EXERCISE OBJECTIVE:
I'd ask you to write out the lines below exactly, with no images.

SOURCE DATA:
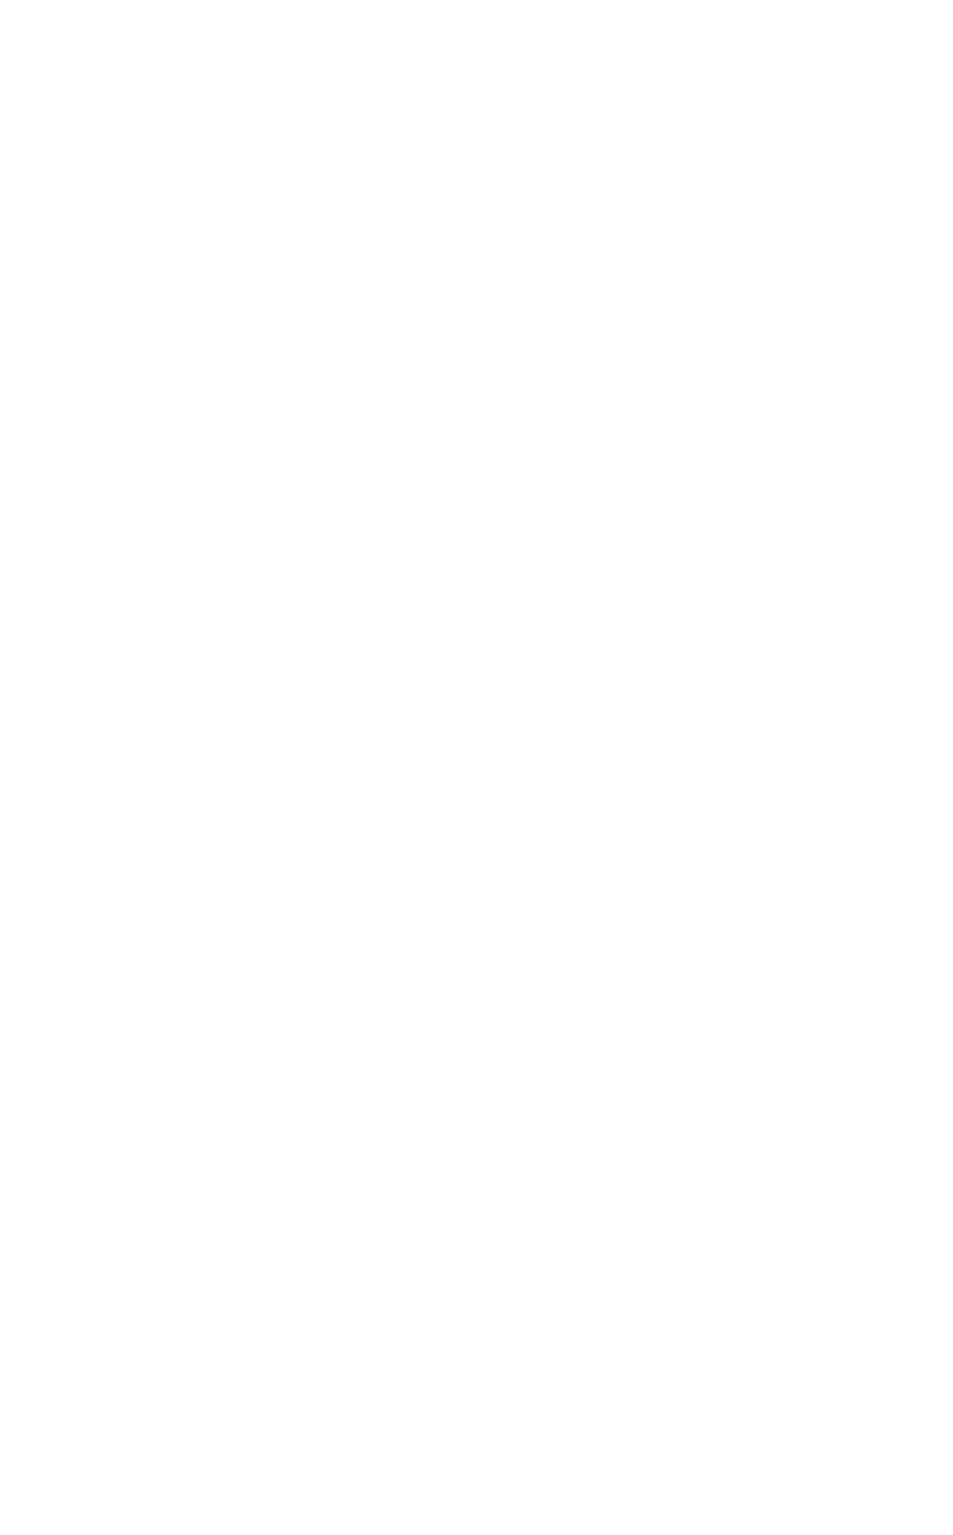 Arabian International Healthcare Holding logo pour fonds sombres (PNG transparent)
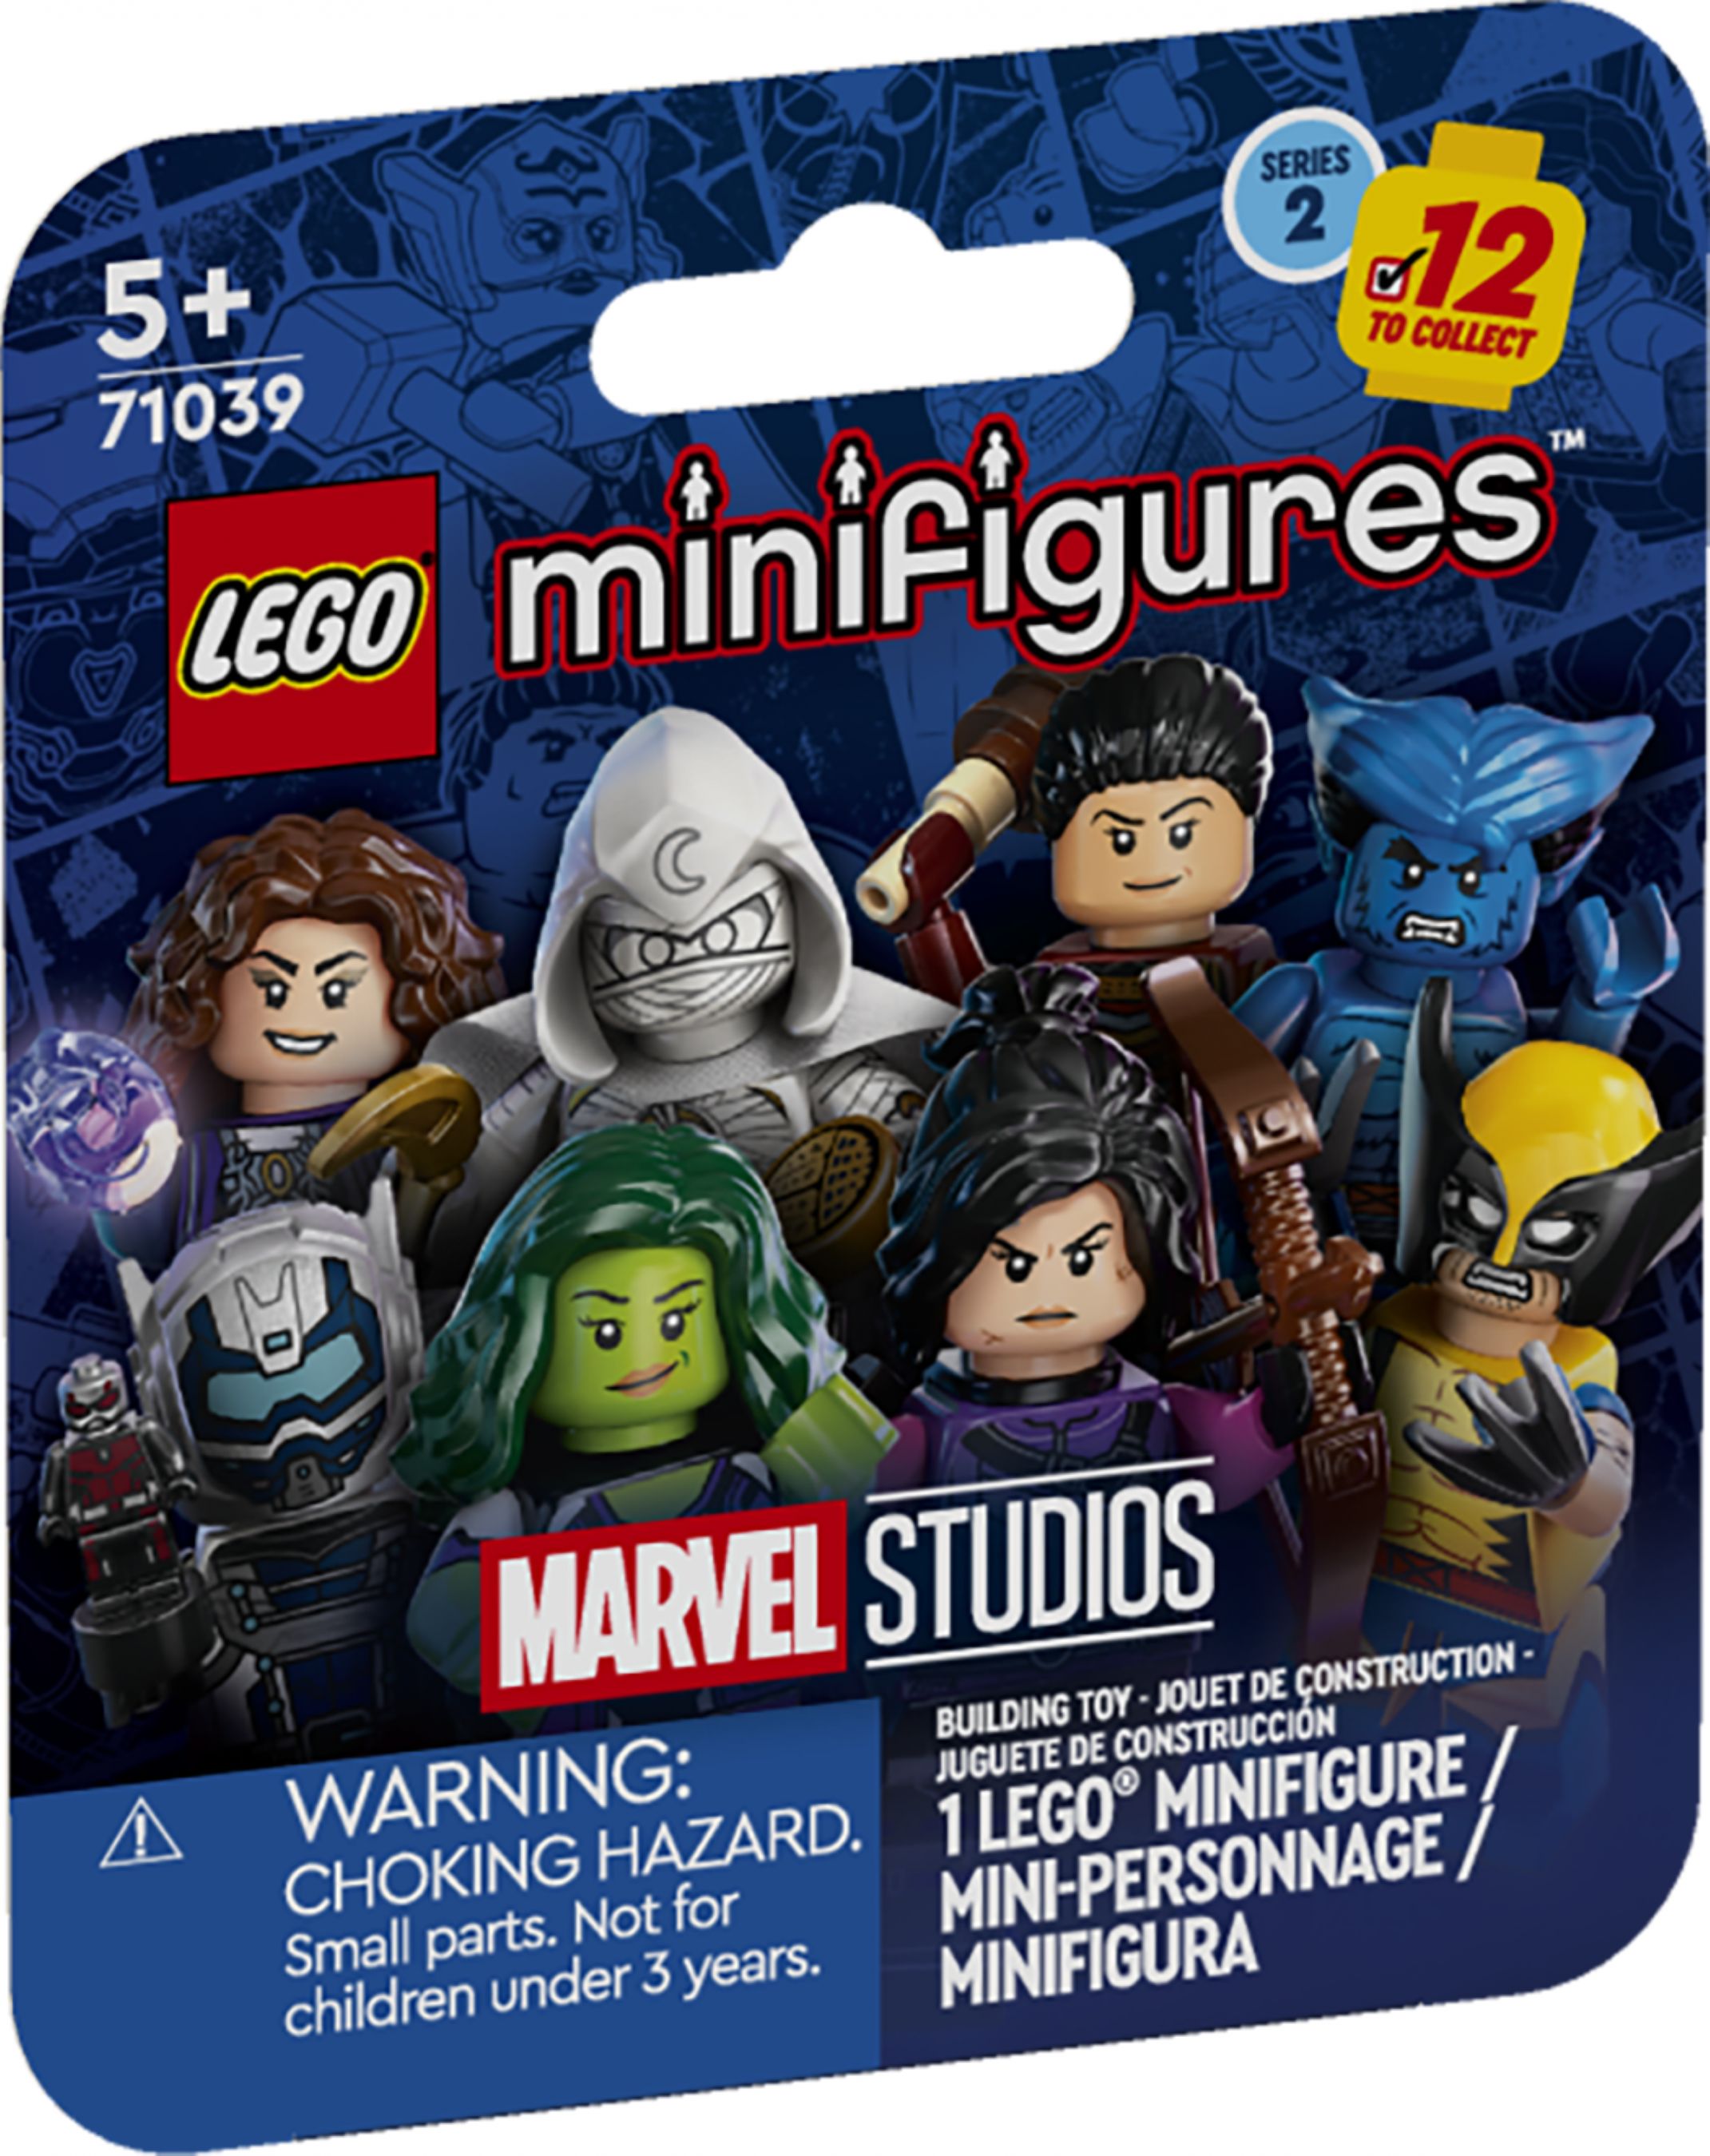 LEGO Collectable Minifigures 71039 Marvel Minifiguren Serie 2 - 24er Display Box LEGO_71039_alt1.jpg
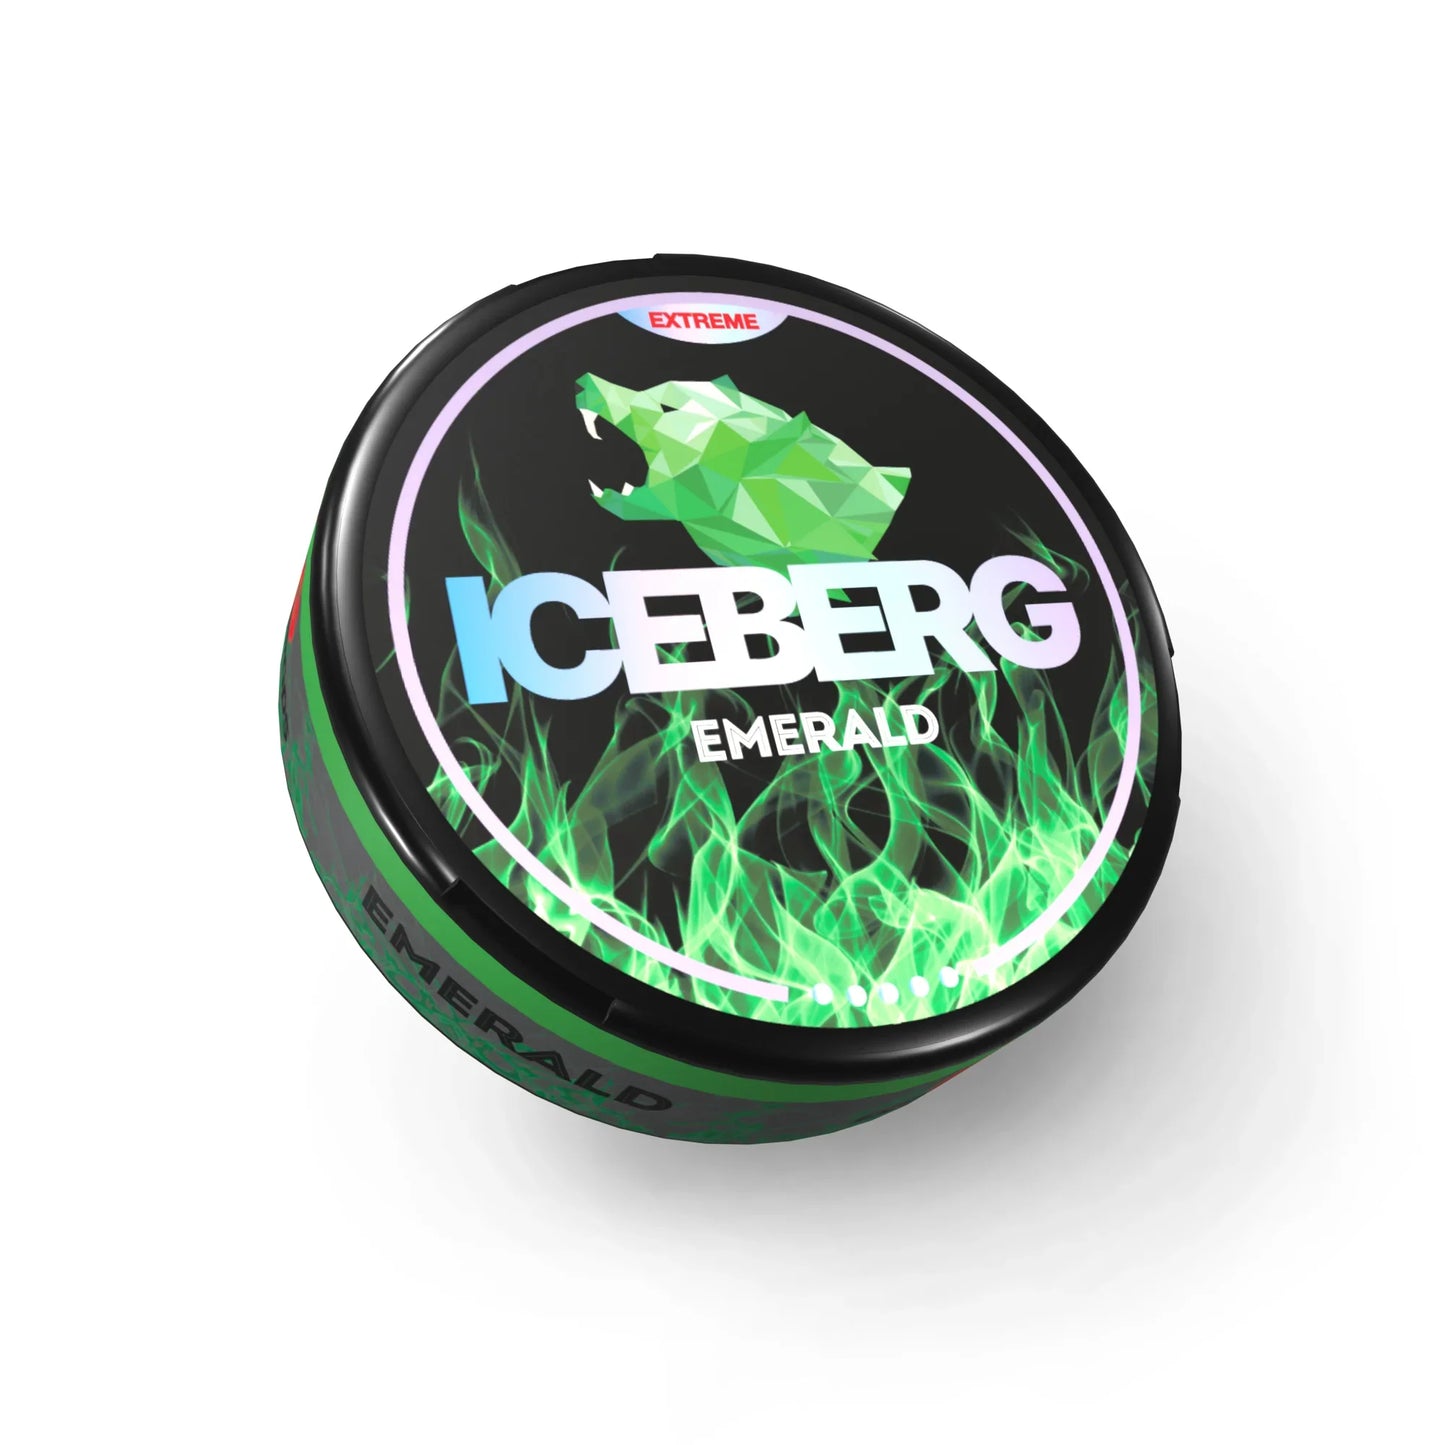 Iceberg Ultra Emerald Nicotine Pouches, Snus 150mg/g

RESULT:
 Arabian International Healthcare Holding logo pour fonds sombres (PNG transparent)
 LEGO Collectable Minifigures 71039 Marvel Minifiguren Serie 2 - 24er Display Box LEGO_71039_alt1.jpg
 Iceberg Ultra Emerald Nicotine Pouches, Snus 150mg/g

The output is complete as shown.